The chivalric code is a very complex, and perhaps somewhat foreign concept to a modern person. There are many rules and taboos that a knight must obey. Indeed, the very concepts of honor, love, and humility have been raised to the highest conceivable power, making it almost impossible for a mortal to become a true, perfect knight. Sir Gawain, in the passage [Norton, 1535-1622] of Sir Gawain and the Green Knight, proves himself to be an ideal symbol of chivalry. One of the symbols of knighthood is a lady of knight's heart; knight's behavior with ladies is important in general, and Sir Gawain behaves as a true knight with the hostess of the castle. Another important side of being a knight includes the skill of carving an animal, and that is also described in the passage.

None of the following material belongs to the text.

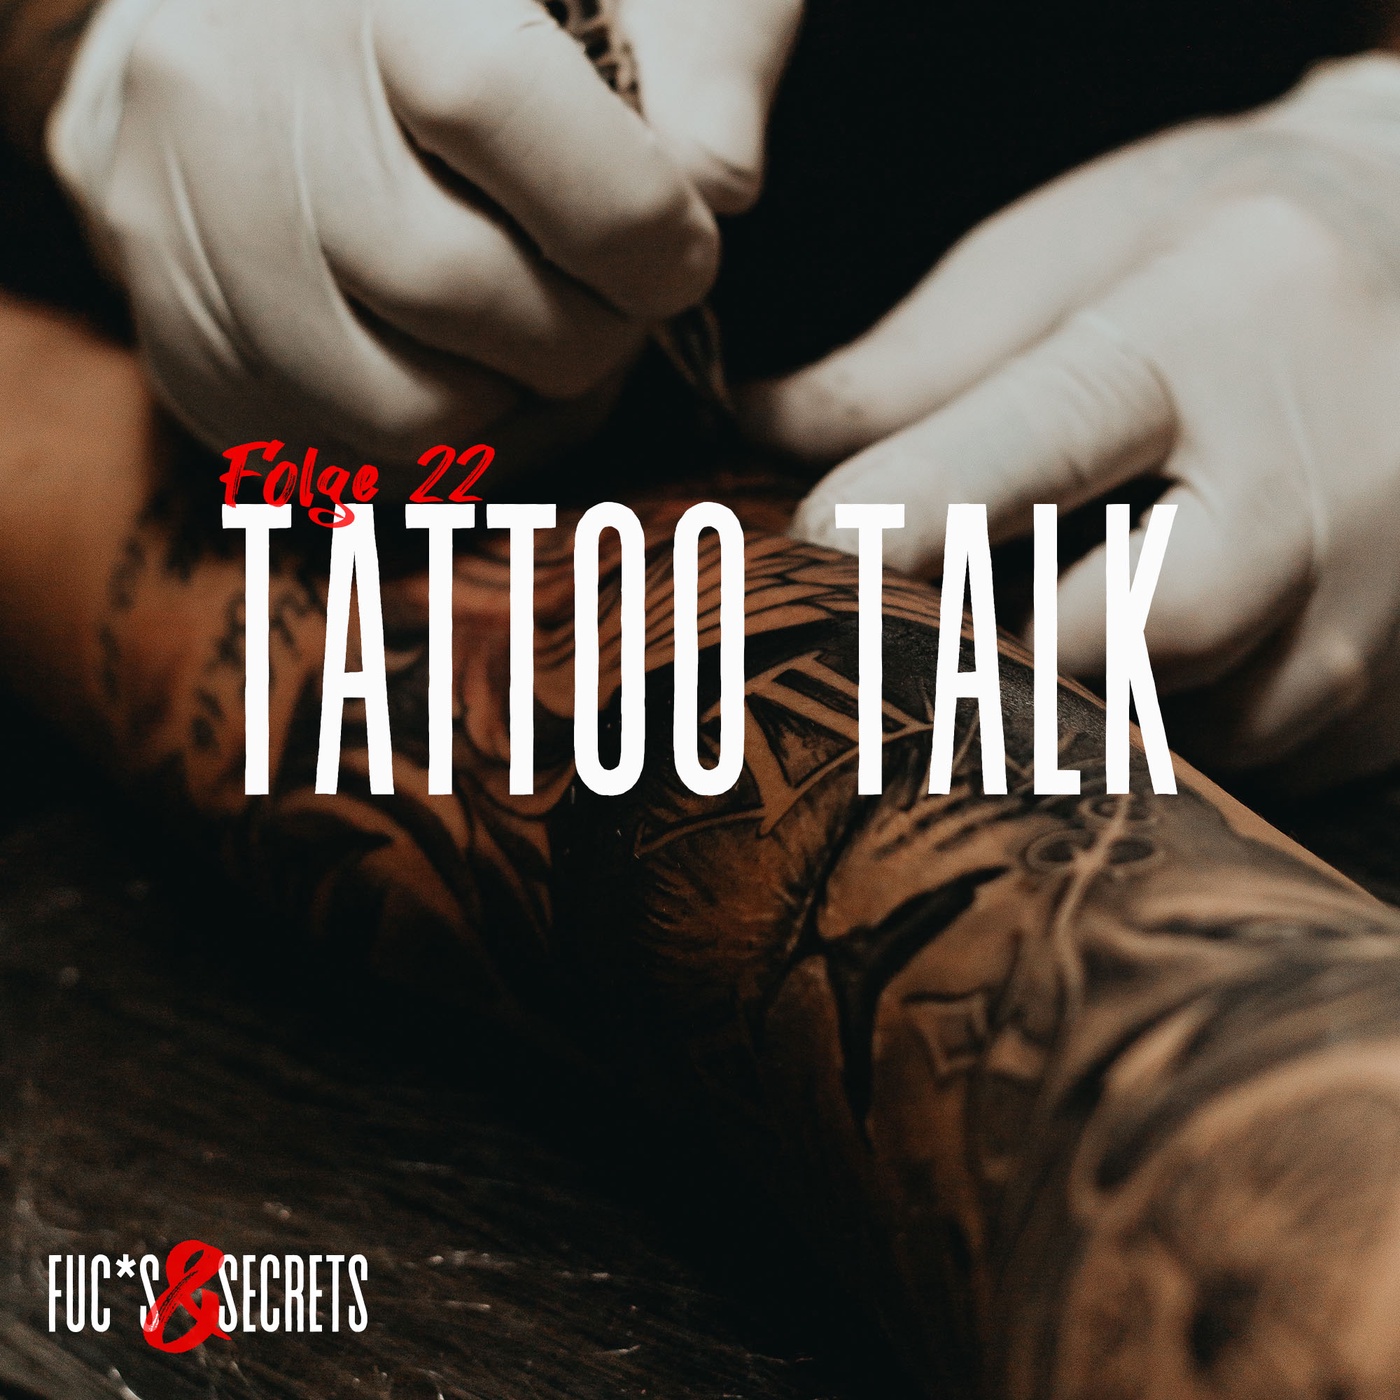 Tattoo Talk
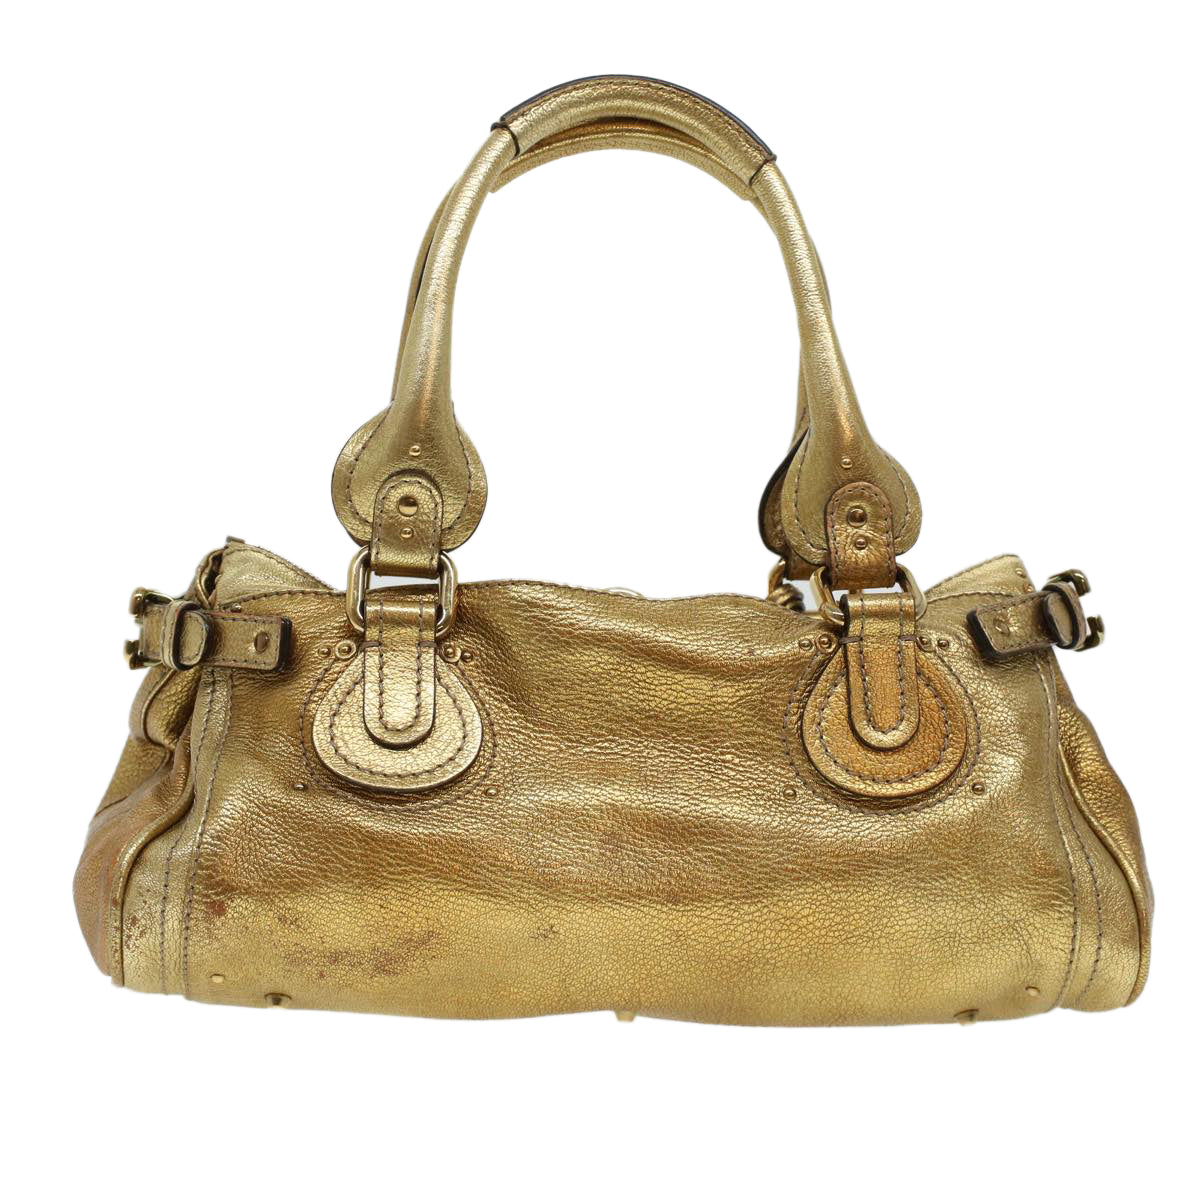 Chloe Paddington Hand Bag Leather Gold 03-09-51-5811 Auth bs5464 - 0

One aspect of being a knight is choosing a lady of his heart. The knight is supposed to perform noble tasks in her honor, thus glorifying her name. Love is knight's inspiration for all of his actions, and when he thinks he has done enough glorious deeds, he comes back to his lady. If his lady is kind enough, she will marry him, unless she is already married. In the passage, the host's wife tries to seduce Sir Gawain. However, she is not the lady of his dreams, and since Sir Gawain follows the principle -- "to remember a knight is to reflect goodness in everything he does, for that is what makes a knight honorable, " he politely turns her offer down. It is possible that Sir Gawain refuses hostess' charms because he is afraid of her husband; however, with the whole story evolving around Sir Gawain's nobility, it is highly unlikely that this is a reason for him.
Sir Gawain does this in a way that does not make the ...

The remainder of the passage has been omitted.